KRTN Staff Reports The US Dept Of Transportation awarded a $15.2 million dollar grant for the Southwest Chief Route Advancement and Improvement Project that will continue essential upgrades to Amtrak’s Southwest Chief line.
The new funding is being awarded through the DOT’s Tiger VII grant program and will be used to add approximately 39 miles of new continuously welded rail and repair more than 20 miles of track roadbed.
The latest grant was awarded to La Junta, CO and will go along with the $12 million Tiger Grant awarded to Garden City, KS last year. Phase 2 of the project will cost about $24.5 million of a total projected $30 million to complete the entire project. Local match monies for the project totaled over $9 million and included one million each from the states of New Mexico, Colorado and Kansas, $4 million from Amtrak and $2 million from BNSF with the rest coming from individual cities and counties along the route.

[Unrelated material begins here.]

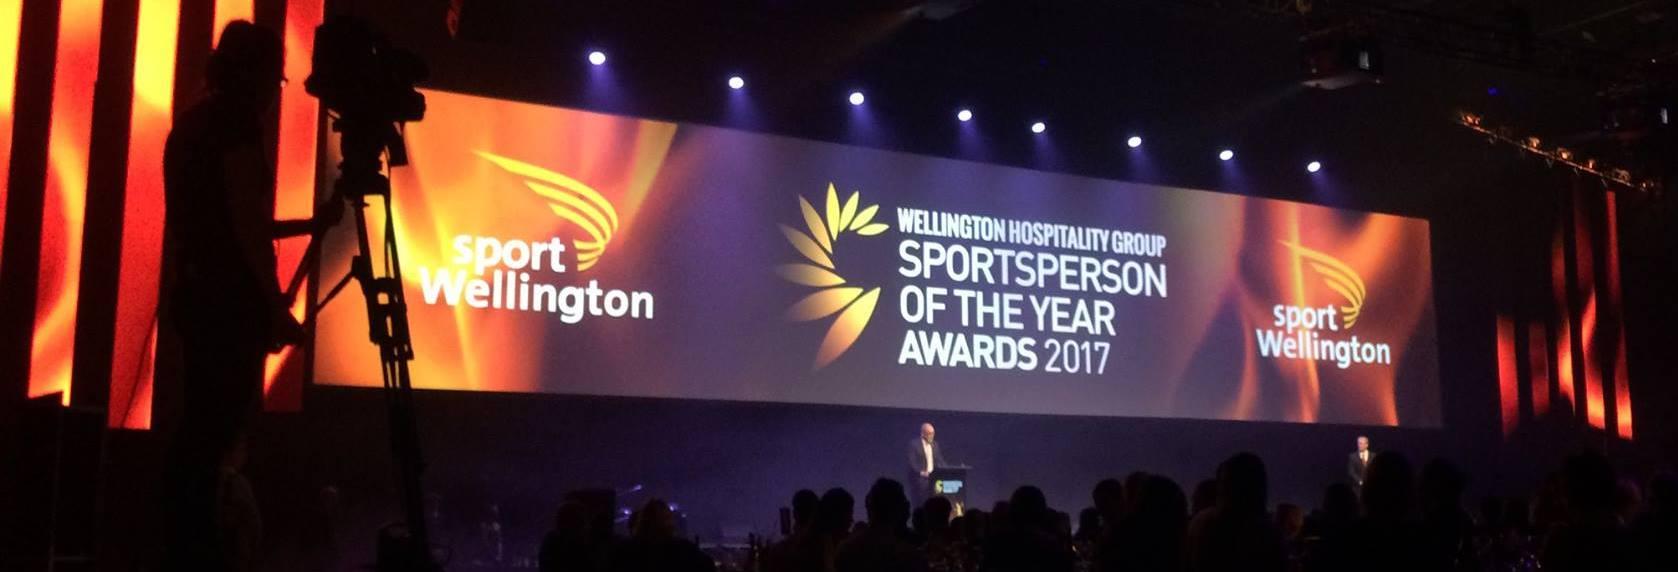 Copy of Sports Awards 1.jpg

Just three years ago, Amtrak was looking at an alternative route because BNSF was unwilling to maintain or repair tracks entirely at its own cost. Since then, BNSF has agreed to maintain any new rail put in, essentially cutting the cost of replacement and repair in half.
In 2013, about 350,000 passengers rode the SW Chief – a nearly 40 percent increase since 1997. Nearly one third of those passengers boarded or detrained at a New Mexico station. The NM Economic Development Dept. estimated that the route brings in more than $20 million in tourism revenue to New Mexico annually.